··· Dataset excerpt
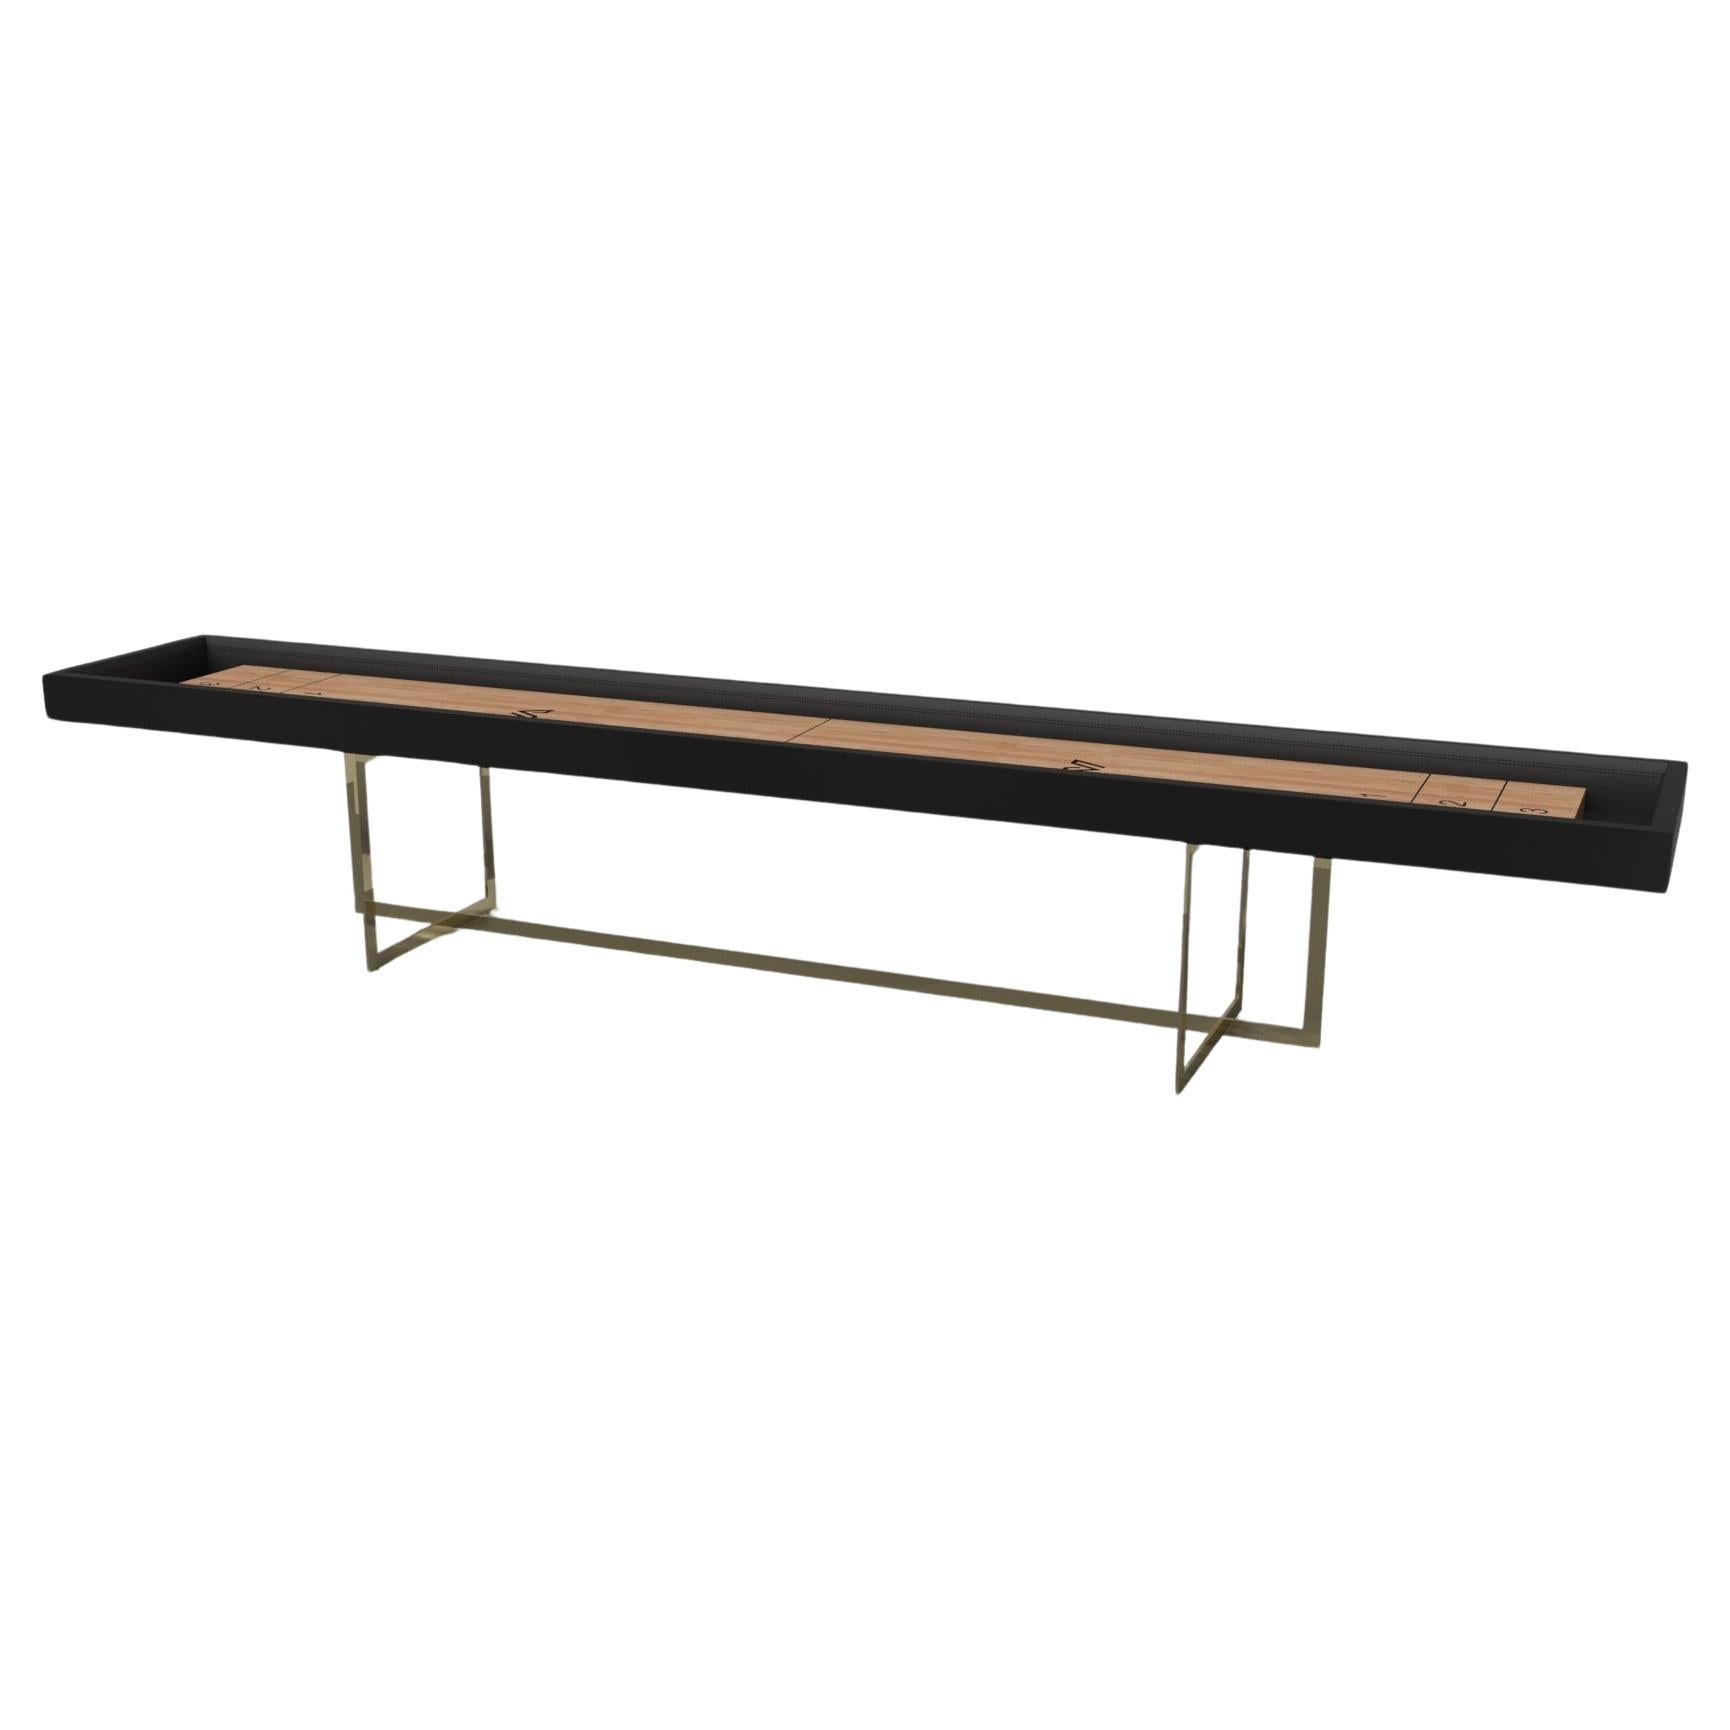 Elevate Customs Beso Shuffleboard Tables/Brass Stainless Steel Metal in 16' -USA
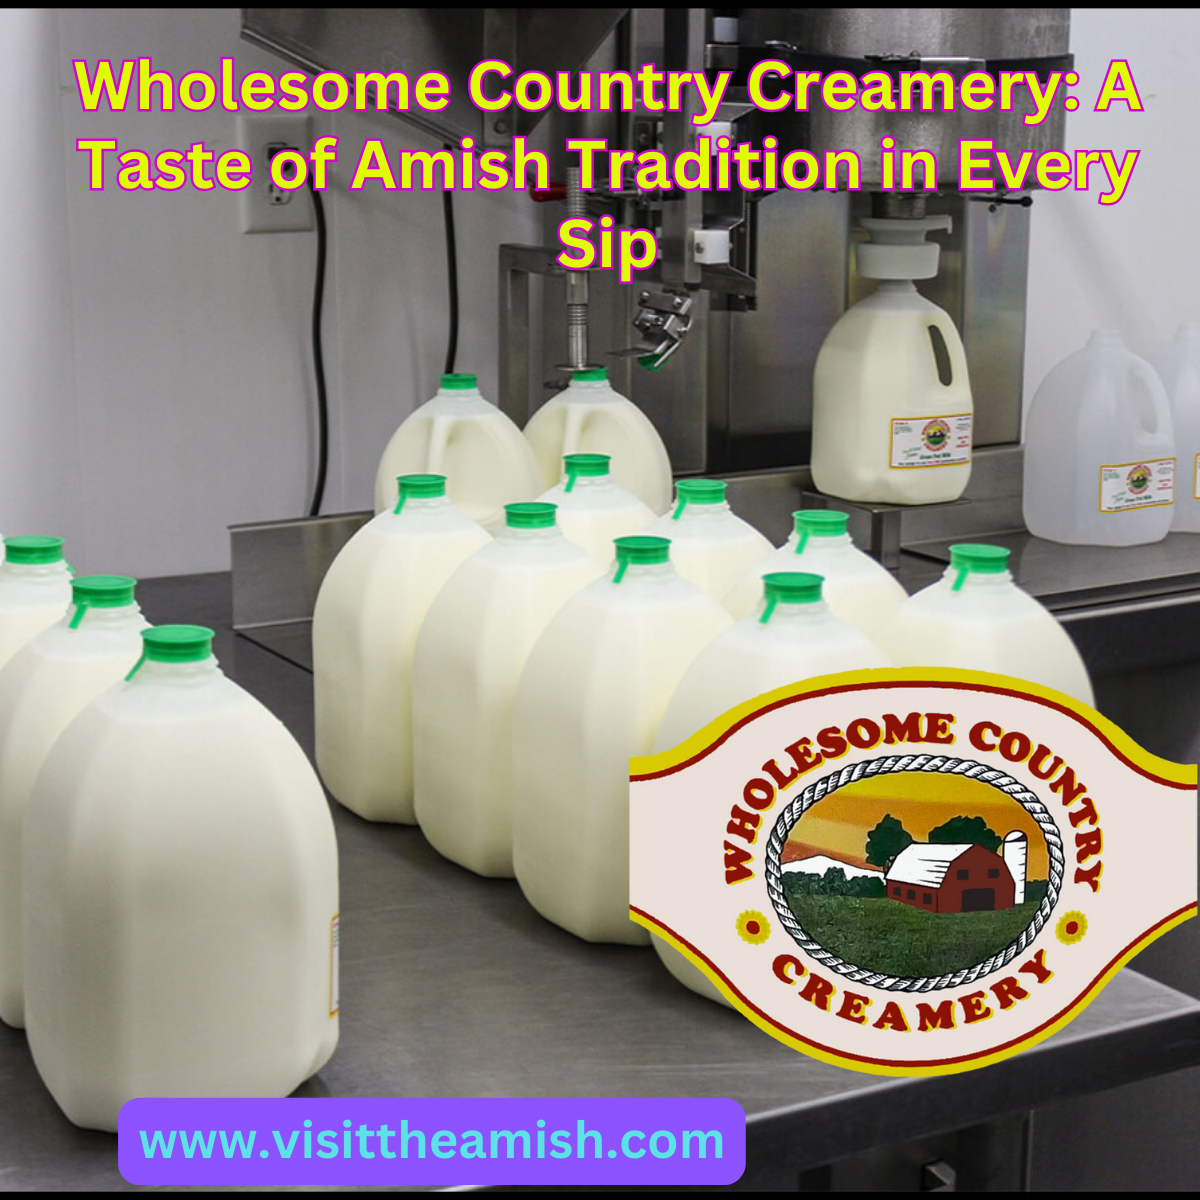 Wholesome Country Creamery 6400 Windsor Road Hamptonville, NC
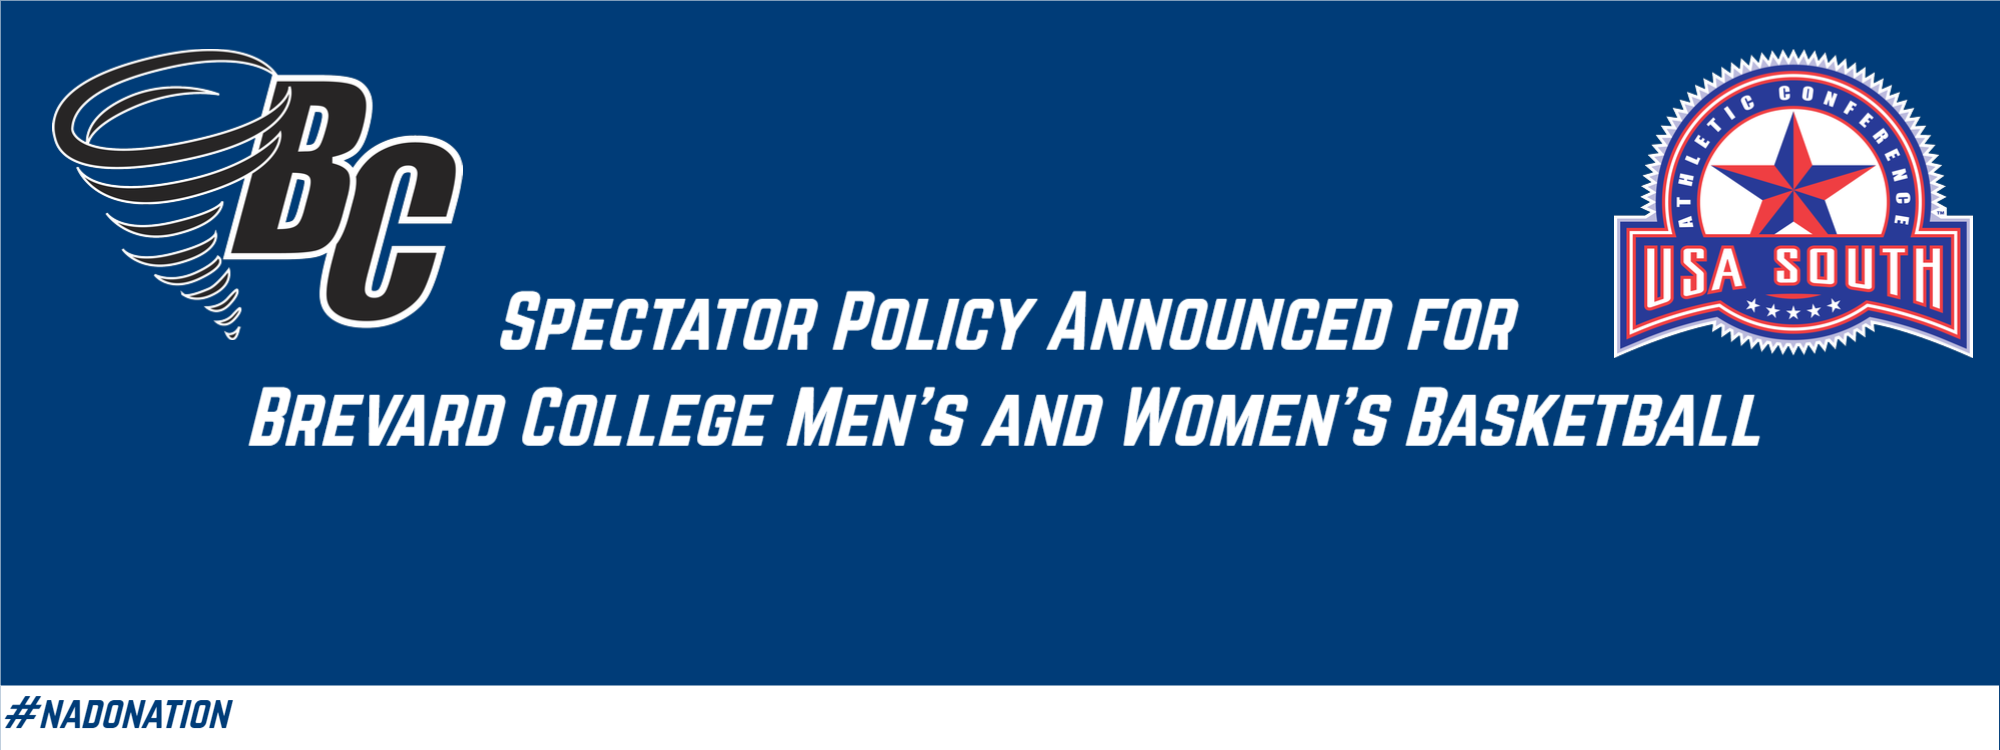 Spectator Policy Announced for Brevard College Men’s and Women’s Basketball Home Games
······
Description of the task: Print out the whole listing word for word. Leave the pictures out.

Solution for this problem:
 Elevate Customs Beso Shuffleboard Tables/Brass Stainless Steel Metal in 16' -USA
 Wholesome Country Creamery 6400 Windsor Road Hamptonville, NC
 Spectator Policy Announced for Brevard College Men’s and Women’s Basketball Home Games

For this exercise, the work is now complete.